Ukraine
Mindestens 19 Tote bei Wohnhaus-Explosion

In der Ukraine sind mindestens 19 Menschen bei der Explosion eines Wohnhauses umgekommen. 21 Bewohner wurden aus dem fünfstöckigen Gebäude in Jewpatoria auf der Halbinsel Krim gerettet, 24 Menschen wurden noch vermisst, teilte das Zivilschutzministerium am Donnerstag mit.

HB JEWPATORIA. Die Ursache der Explosion war zunächst unbekannt. Es könnte sich aber um eine Gasexplosion handeln, da möglicherweise Behälter mit Sauerstoff oder dem Schweißgas Azetylen in dem Gebäude gelagert worden seien, sagte ein Ministeriumssprecher.

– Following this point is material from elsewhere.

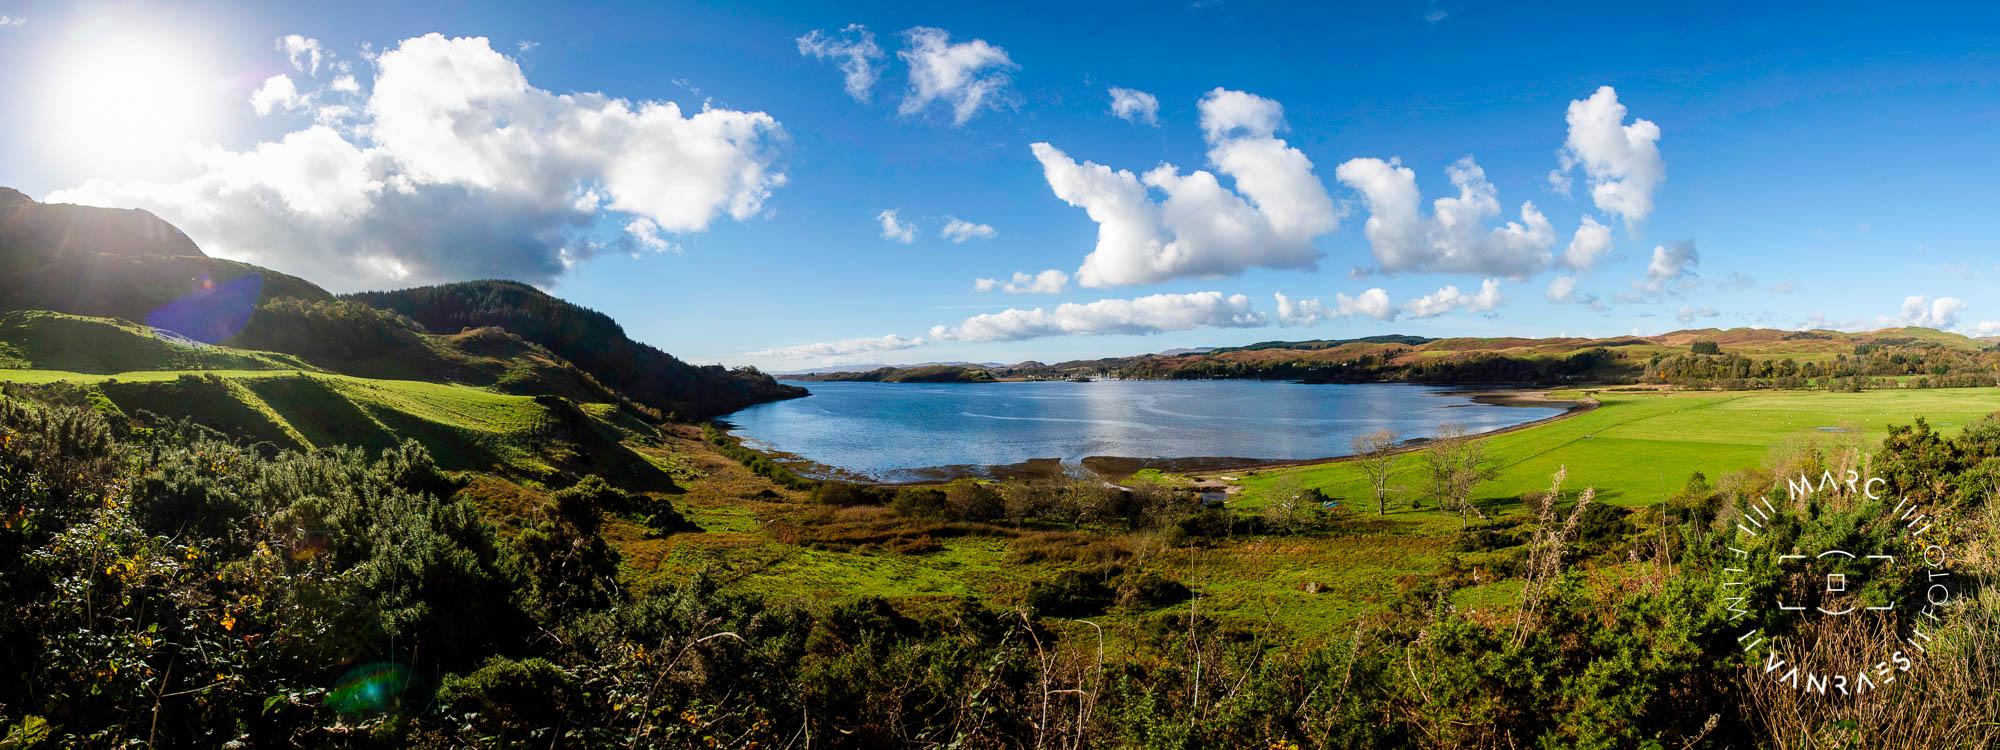 © Deze foto's van Lochgilphead - www.marcvanraes.be - _

Einige Etagen des Gebäudes waren eingestürzt, in der Fassade klaffte ein großes Loch. Bei Temperaturen nahe dem Gefrierpunkt suchten rund 700 Helfer mit schwerem Räumgerät in den Trümmern nach Überlebenden. Von Zeit zu Zeit verharrten sie still, um Handyklingeln in den Trümmern zu orten. Ministerpräsidentin Julia Timoschenko und Präsident Viktor Juschtschenko machten sich vor Ort ein Bild von der Lage. Juschtschenko rief für Freitag eine eintägige Staatstrauer aus. Timoschenko versprach den Familien der Opfer rasche Hilfe. Bis zum orthodoxen Weihnachtsfest am 7. Januar sollten alle Betroffenen in neuen Wohnungen untergebracht sein. In ehemaligen Sowjetrepubliken wie der Ukraine kommt es im Winter immer wieder zu Gasexplosionen, weil die Bewohner in den oftmals heruntergekommen Häusern mit zusätzlichen Gasbehältern heizen.